Step 1: Training Phase (One-time process)

require 'annembed'
require 'json'

# Load your training embeddings from database
# These should be representative of your data distribution
training_embeddings = fetch_embeddings_from_database(limit: 10000)  # Array of 1024-dim vectors

# Create and configure the UMAP model
embedder = AnnEmbed::Embedder.new(
  method: :umap,
  n_components: 64,      # Reduce to 64 dimensions
  n_neighbors: 30,       # Higher for more global structure preservation
  min_dist: 0.05,        # Lower values = tighter clusters
  metric: :euclidean,    # or :cosine for normalized embeddings
  random_seed: 42        # For reproducibility
)

# Train the model (this may take a few minutes for large datasets)
puts "Training UMAP model on #{training_embeddings.length} embeddings..."
reduced_embeddings = embedder.fit_transform(training_embeddings)

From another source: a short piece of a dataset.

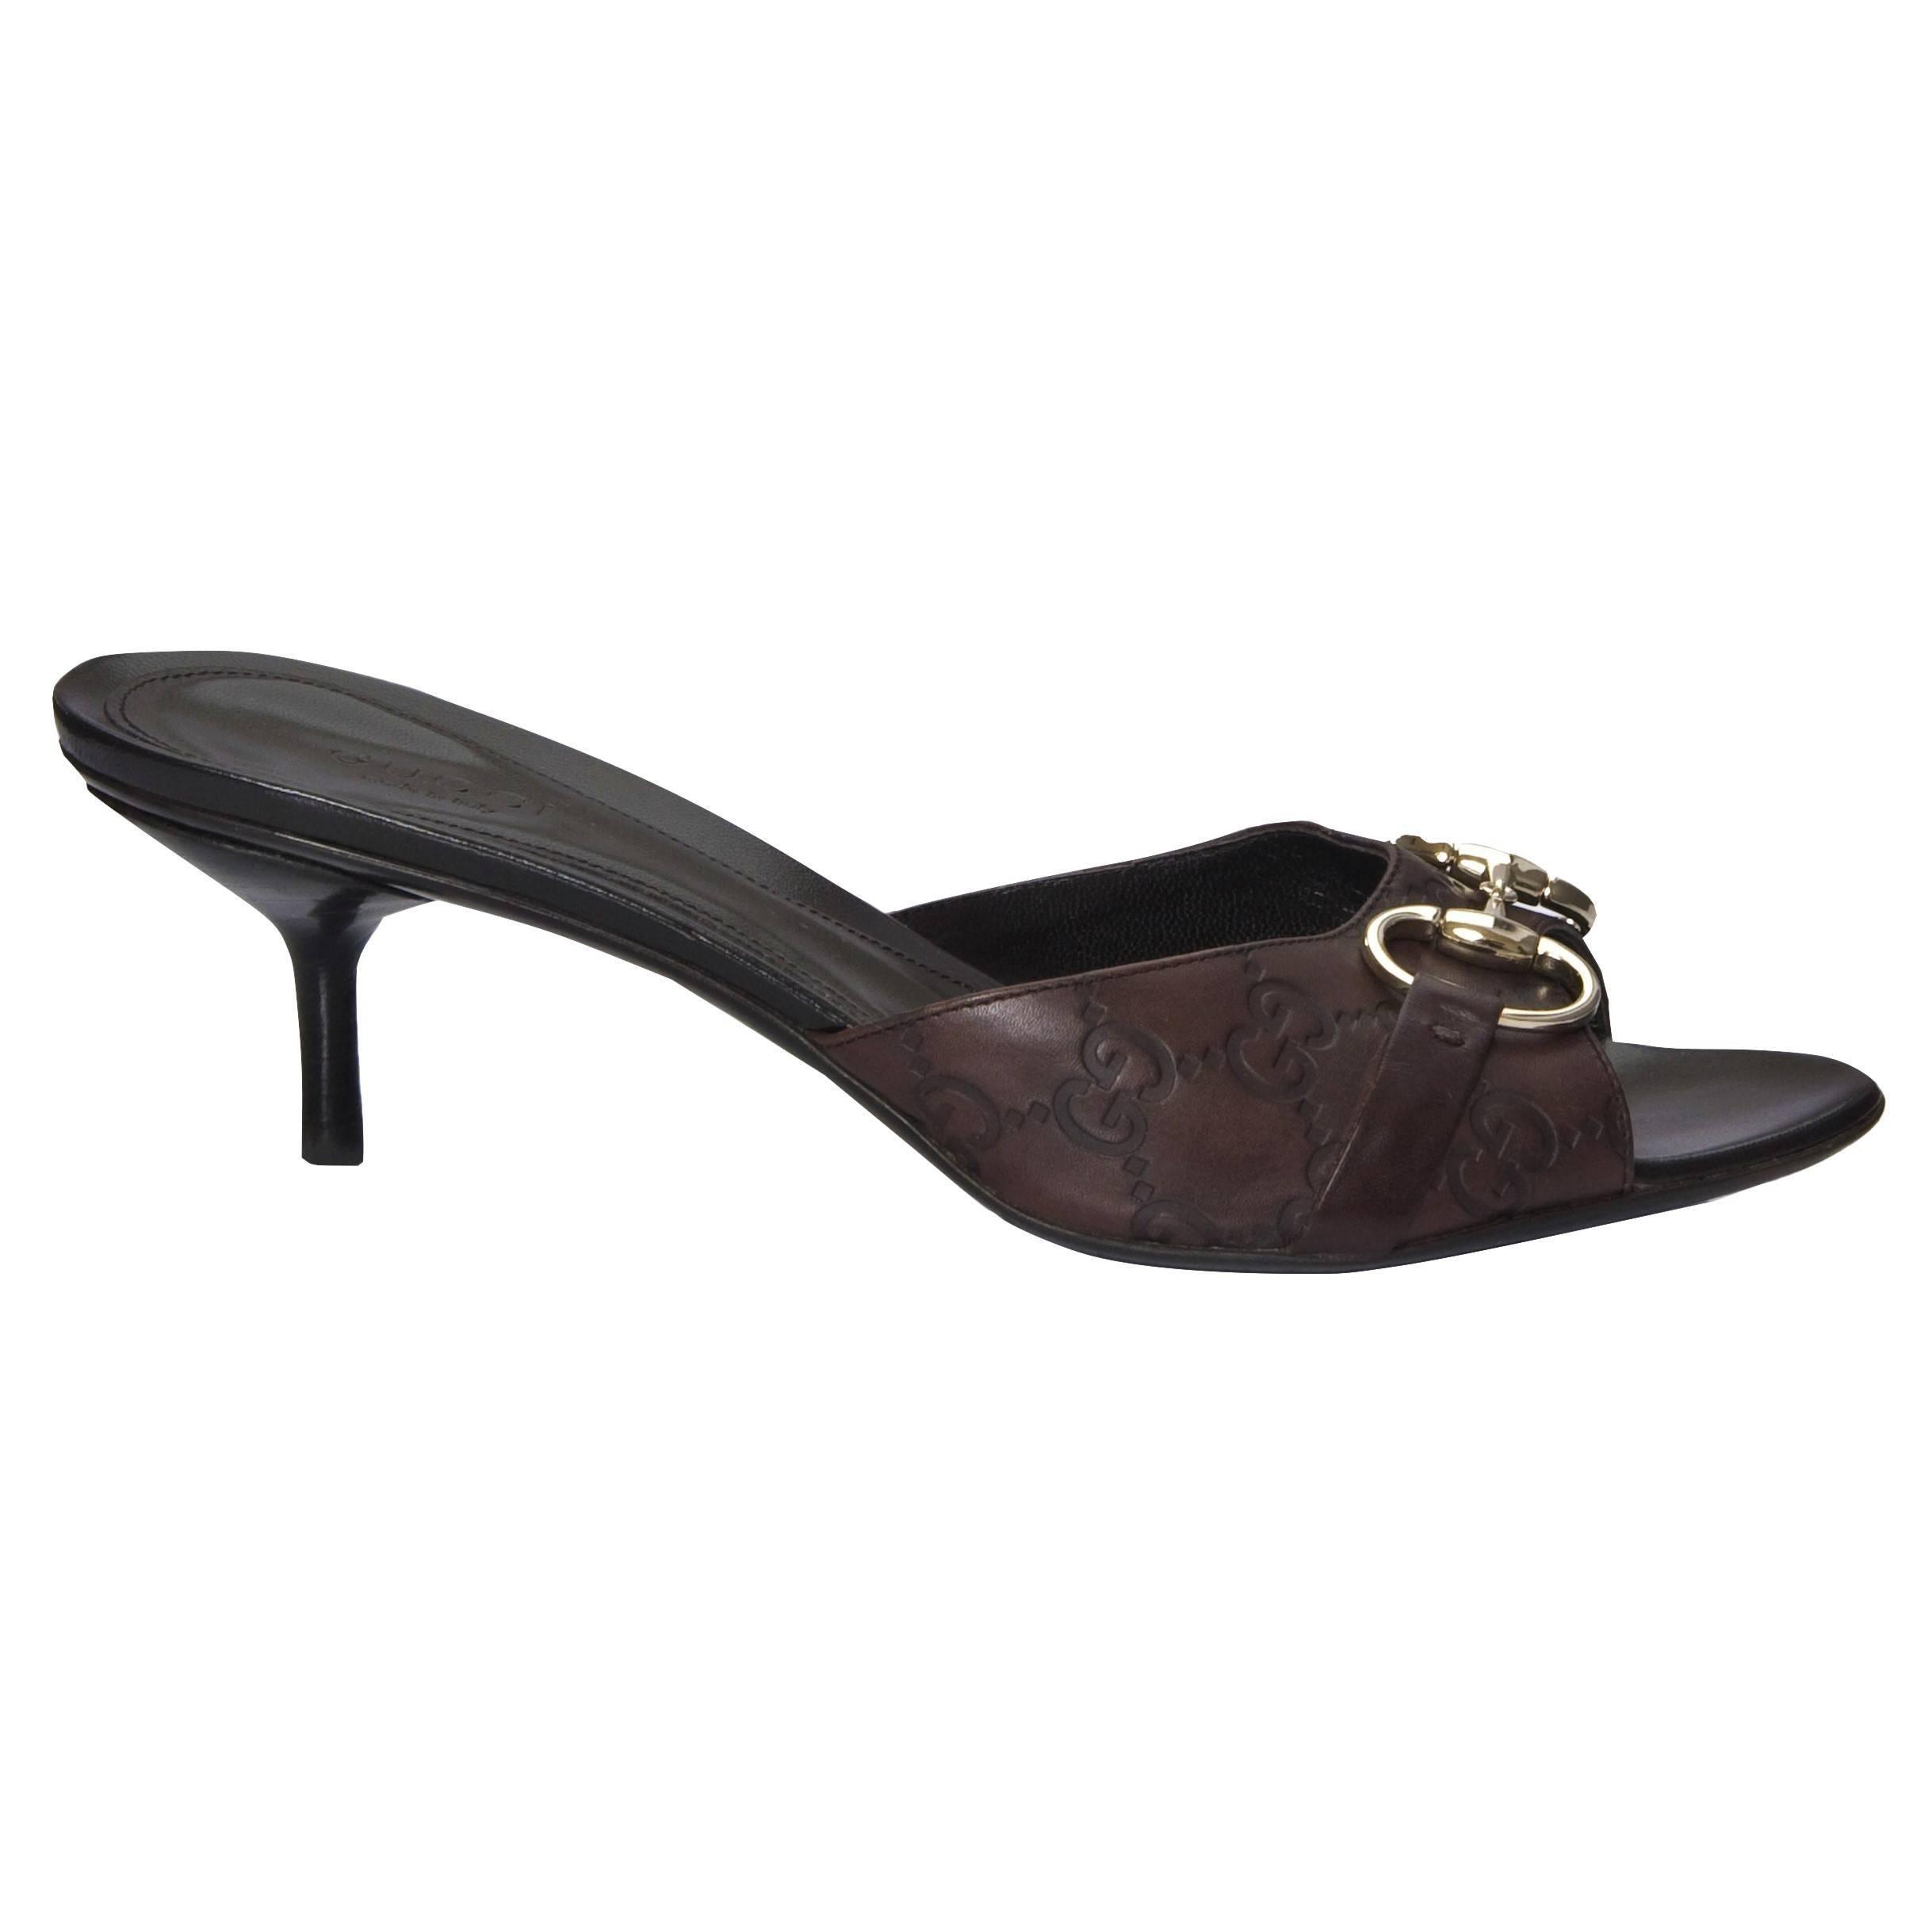 3c770af31c1 Gucci Size 7.5 Guccissima Horsebit Heels Slides Mules at 1stdibs

# Save the trained model to disk
MODEL_PATH = "models/umap_1024_to_64.ann"
embedder.save(MODEL_PATH)
puts "Model saved to #{MODEL_PATH}"

# Optionally, update your database with the reduced training embeddings
reduced_embeddings.each_with_index do |embedding, idx|
  update_database_embedding(training_ids[idx], embedding)
end

Step 2: Production Use - Single Embedding

require 'annembed'

# Load the pre-trained model once (e.g., at application startup)
EMBEDDER = AnnEmbed::Embedder.load("models/umap_1024_to_64.ann")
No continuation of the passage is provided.